By Wolfgang Fritz Haug, founding editor of Das Argument
Active subjects move into focus with “being a Marxist”, the object of this article. The political thus appears in the personal. It is not bare conditions that are Marxist, but people. The ethical dimension of their action and their forbearance comes into the field of vision. Objectivism finds itself restricted to their conditions. To give an idea of historical situation and generational affinities, the Marxists cited in this article who came of age in the 130 years after Marx’s death will be introduced with their birth years. The way they expressed the characteristics of their specific forms of existence is the material.
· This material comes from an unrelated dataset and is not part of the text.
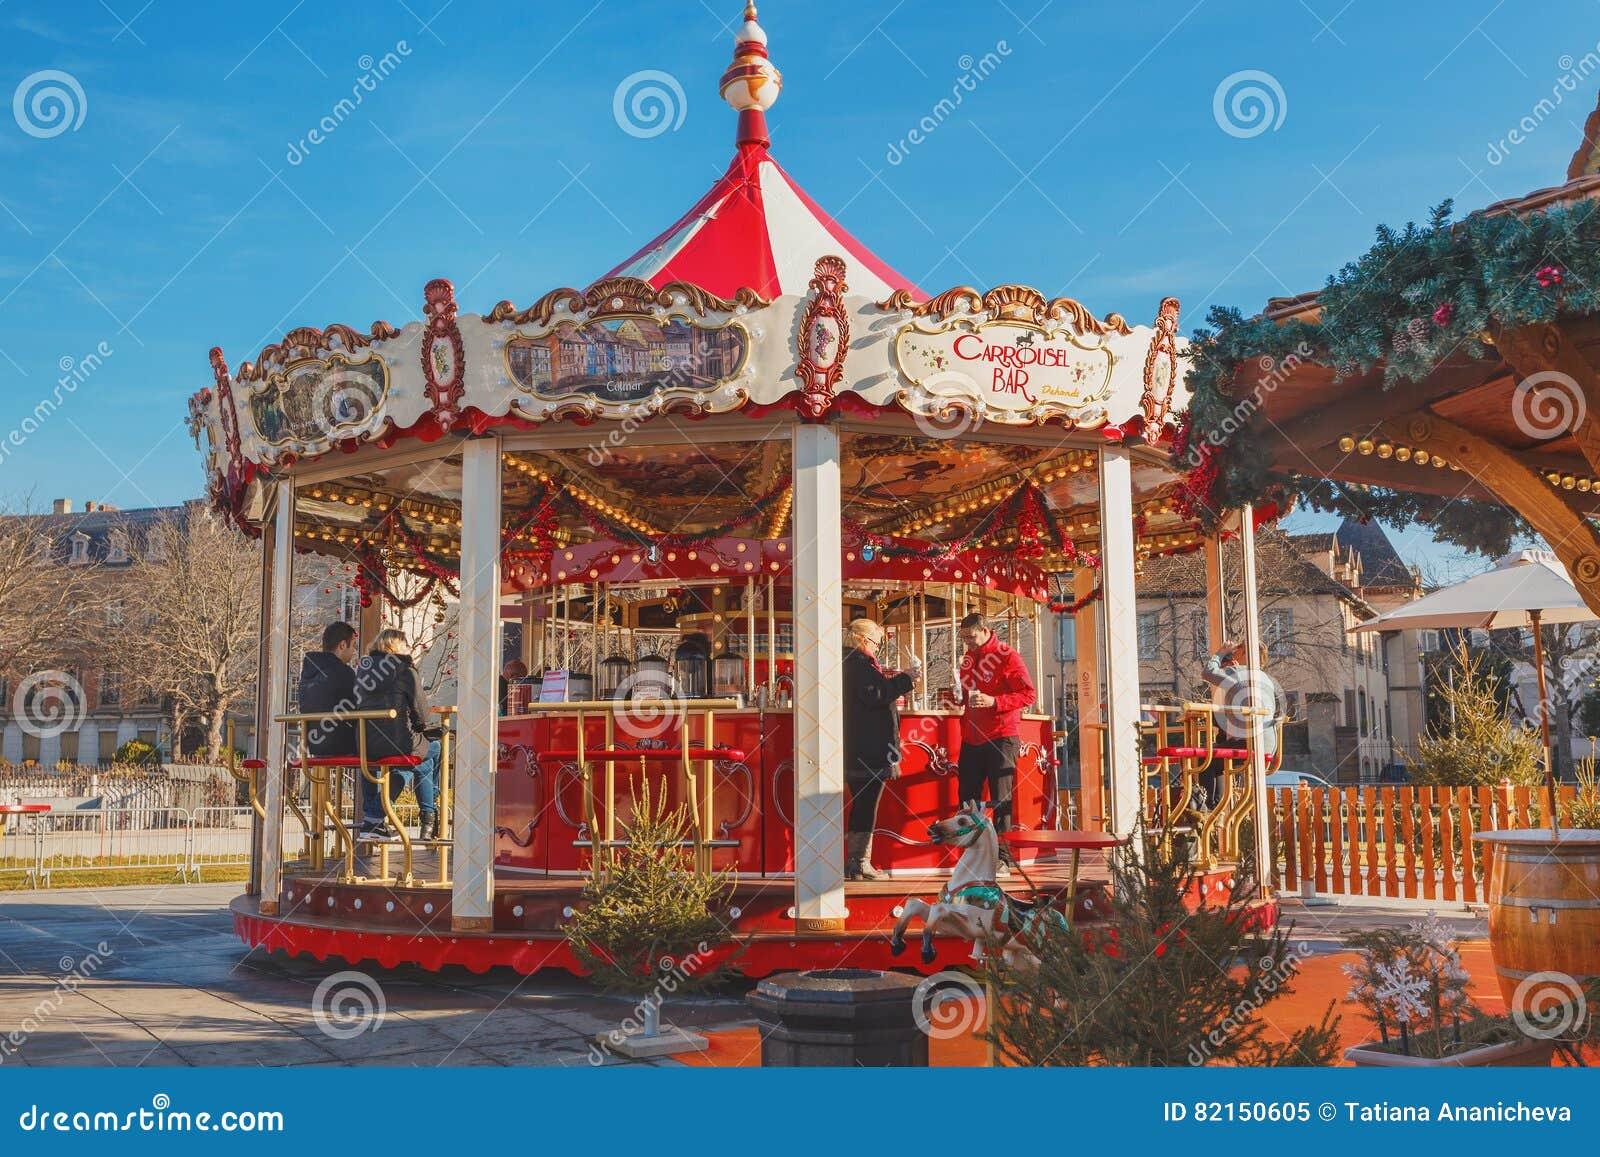 Colmar Weihnachtsmarkt.Weihnachtsmarkt In Colmar Redaktionelles Bild Bild Von Glas 82150605

The same thing can be said of this which has been said of how Wolfgang Heise (b. 1925) approached the ideas collected in his library: that through them he “could fully make present, at the very least as foreign thinking, even those ideas which are not overtly conveyable, which perhaps cannot even be conceived of in one’s own words” (Reschke 1999, 16). Precisely for this reason, and in the expectation of uncomfortable truths, “renegades” too are carefully listened to.
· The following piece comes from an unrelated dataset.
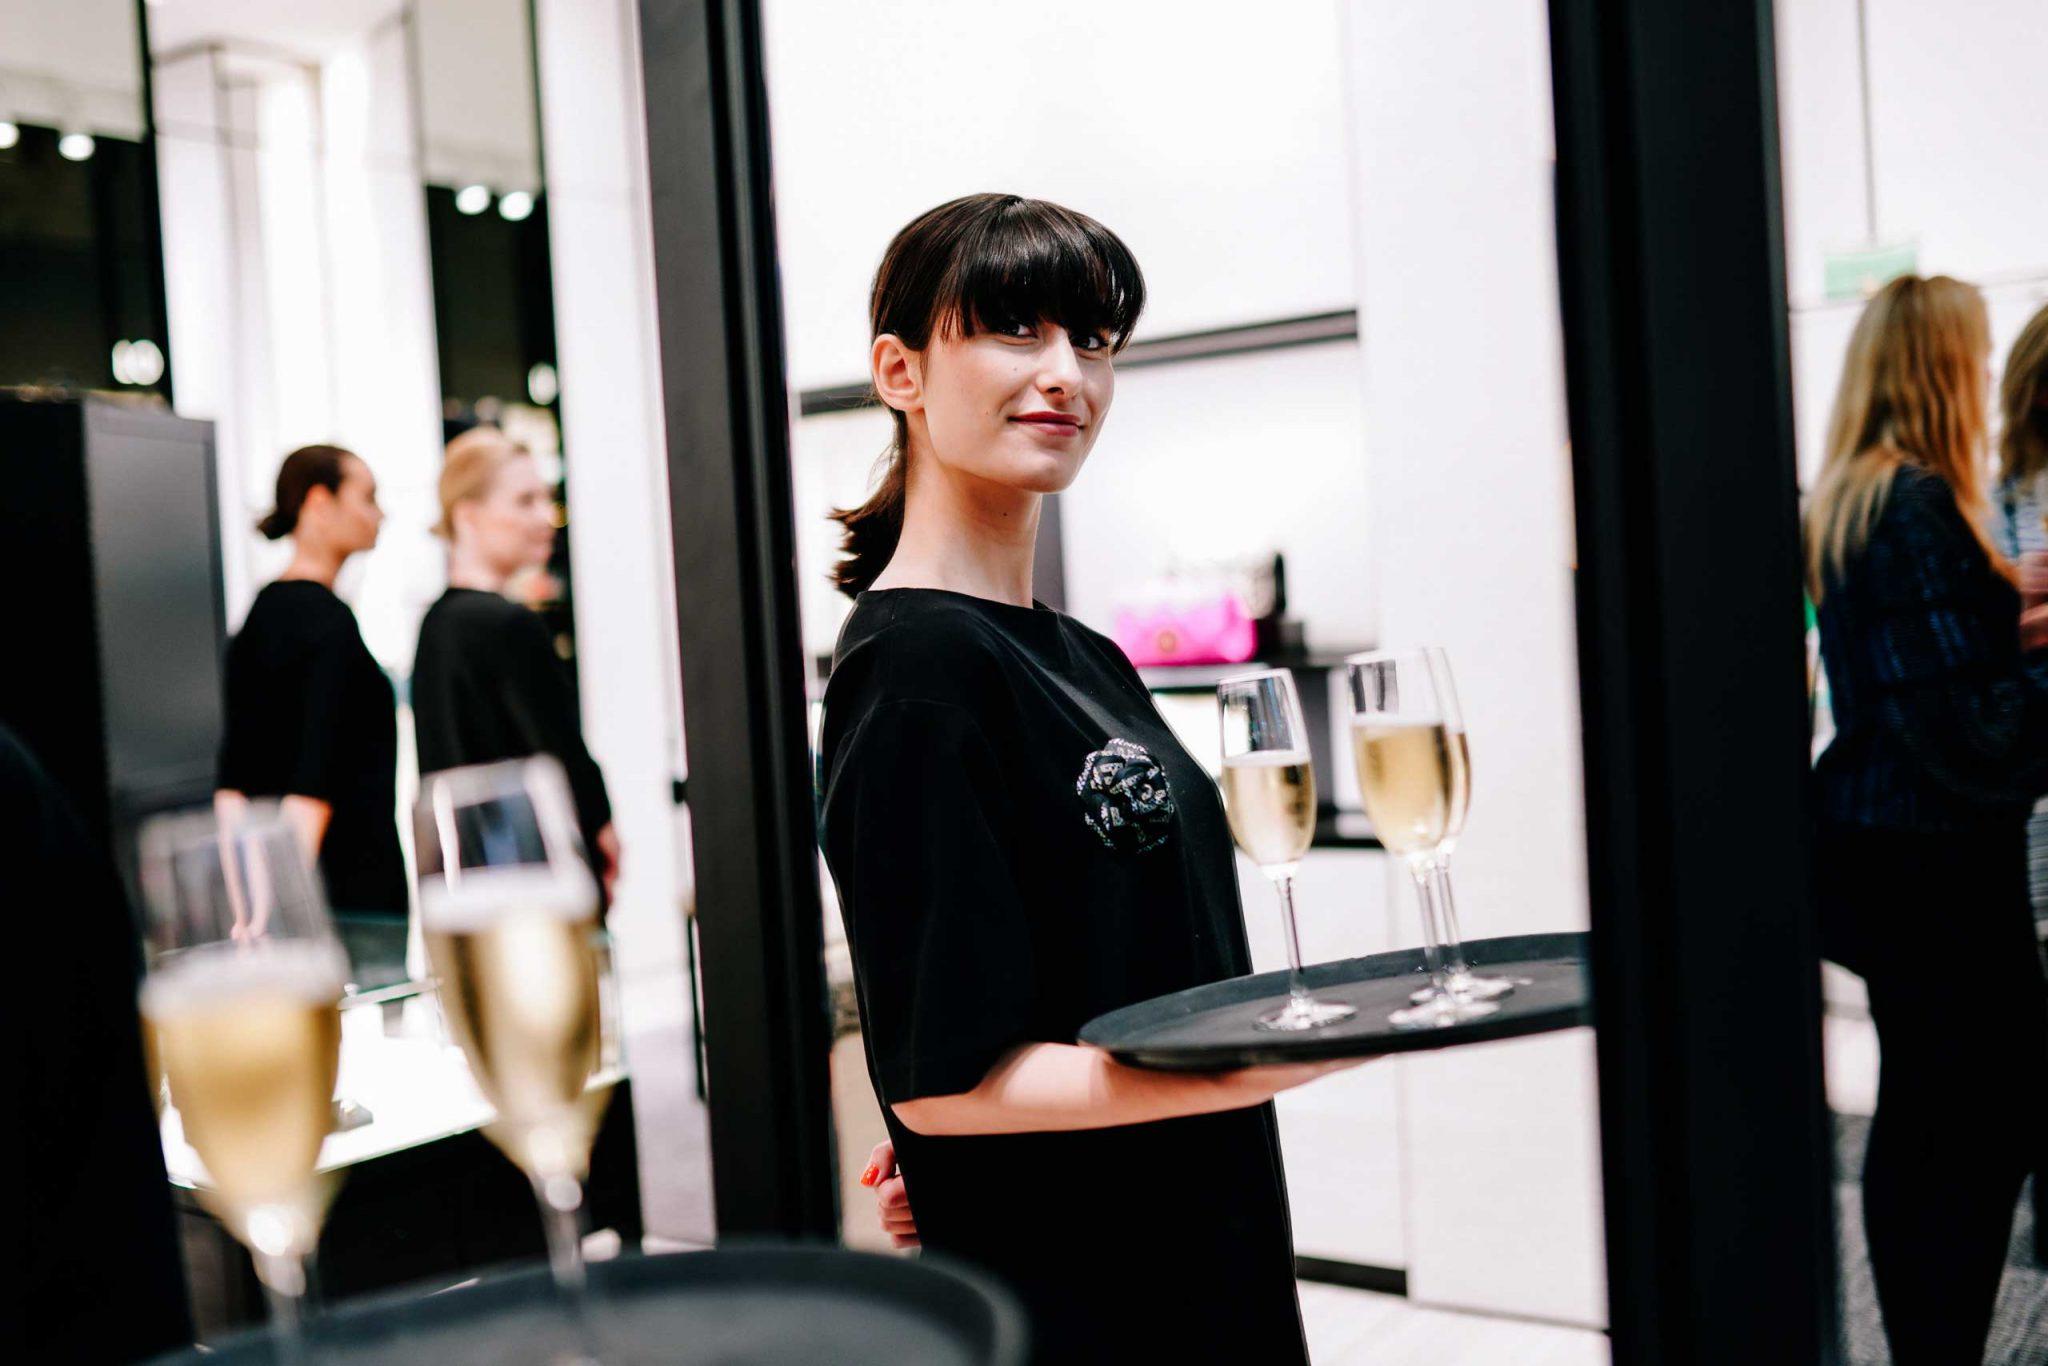 Chanel_Boutique_Cocktail_event_Ilsoo_van_Dijk_07122019-01137

Innumerable people have considered themselves Marxists. At the high point of the revolutionary struggles of the twentieth century they counted in the millions. There are fresh influxes, depending on the historical constellations, from ever new generations and regions of the world. There are good reasons for this, “but the reasons are guiding rather than forcing ones”, in Norman Geras’s (b. 1943) words, and, at play here “is a sort of existential choice one makes”(2011, 5). Nevertheless, and unlike in the question of being a socialist or communist, it is seldom and usually only incidentally that there is theoretical reflection on being a Marxist, its driving forces and practices,its contradictions and crises, its productivity, and its manifold forms.